A breach of captioning is to be disregarded, says media watchdog.

Seven News Adelaide has been at the centre of another investigation by the Australian Communications and Media Authority over poor captioning.

In July ACMA found the programme in breach for inadequately offering captions for deaf and hard of hearing viewers -the second by Seven News Adelaide in six months.

Now another broadcast from December 2024 was investigated following a viewer complaint.

The bulletin, comprising 44 minutes of news footage consisted of 39 segments.

ACMA’s review found that 7 segments, comprising approximately 8 minutes and 4 seconds were not readable, accurate or comprehensible.

There were hanging captions from the previous live sport broadcast, the appearance of meaningless (junk) words that were unrelated to any spoken or visual content, and some spoken content was not captioned.

Seven maintained while the error was evident on home user television sets it was not present in the control room or the NPC [national playout centre] presentation monitoring.

“The scheduling of Live Cricket flowing directly into a Live news bulletin using Lexi captioning had not been encountered previously for two reasons.
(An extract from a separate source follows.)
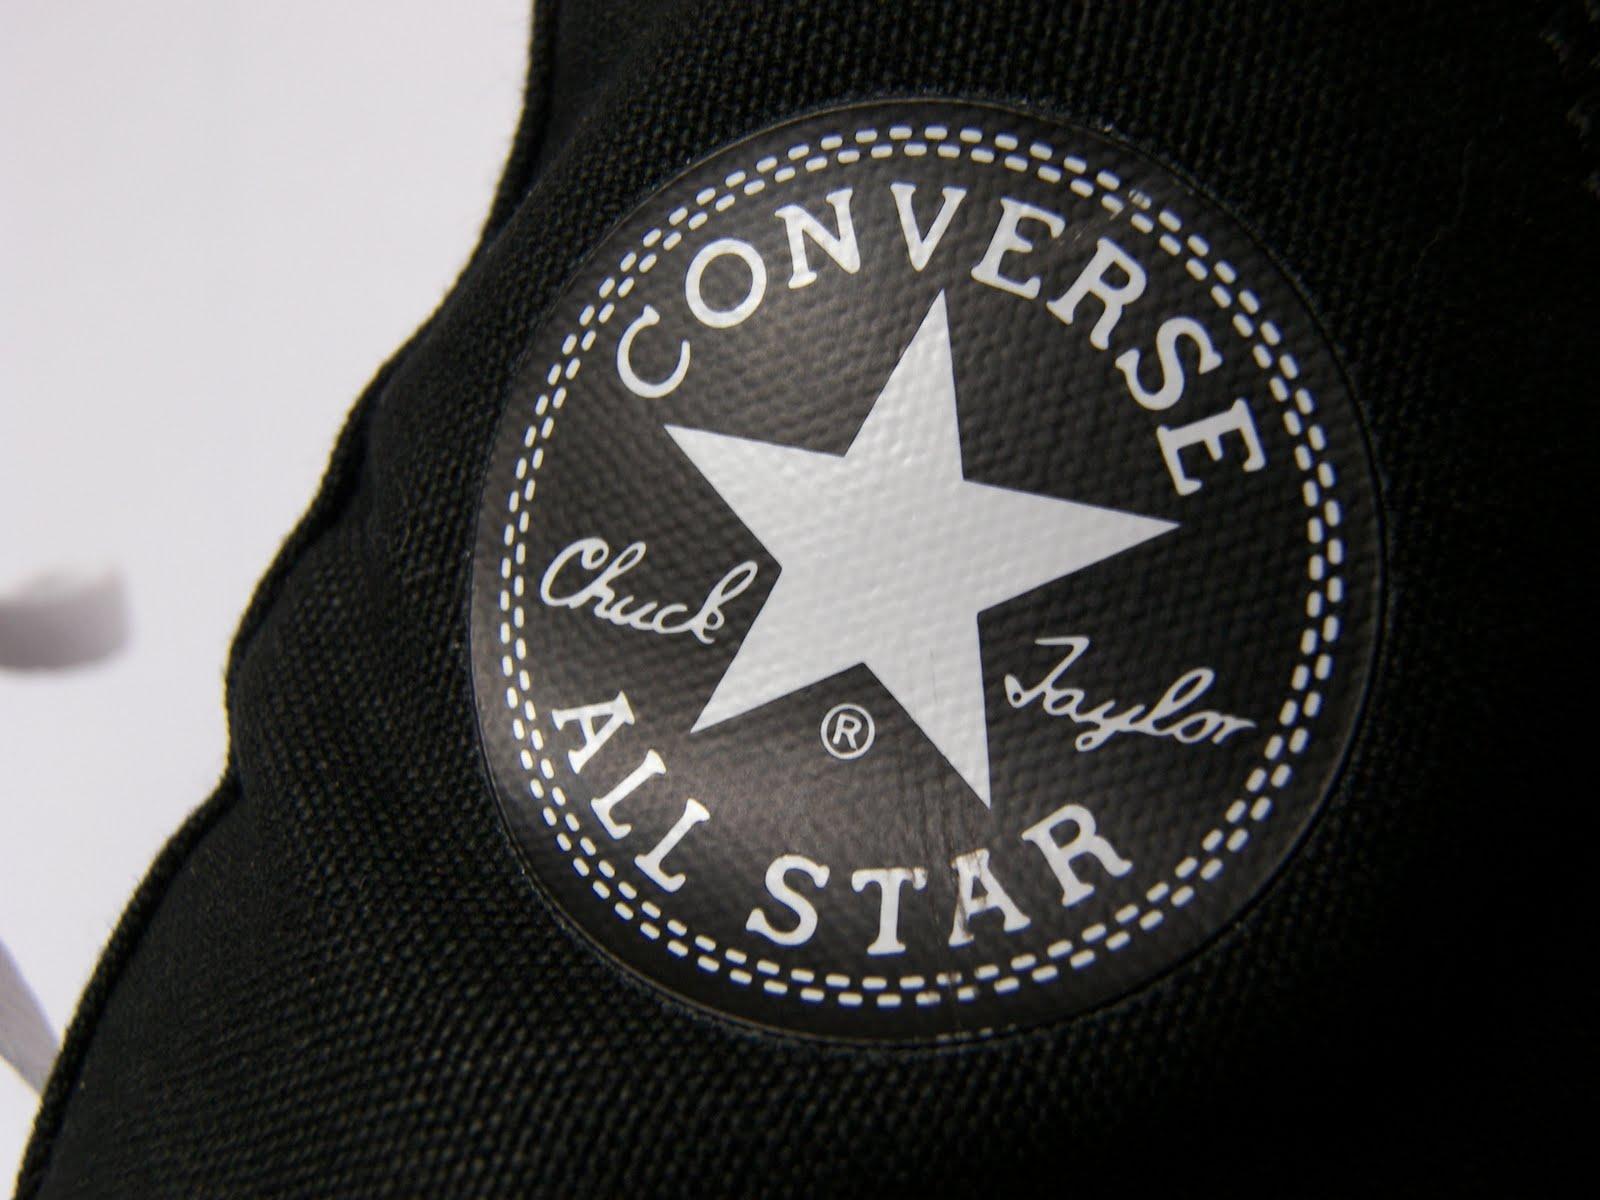 Converse All Star Logos Wallpaper 2014 HD. I HD Image

Lexi captioning was introduced during winter 2024 in Adelaide – no cricket was scheduled at that time. Regular programming (The Chase) normally precedes Seven News.”

ACMA accepted that the occurrence of the technical issue in this instance could not reasonably have been foreseen, as the technical issue was not apparent to the Seven or in the captioning service provider’s control room until the ACMA drew the matter to the Licensee’s attention.

Accordingly the breach is to be disregarded.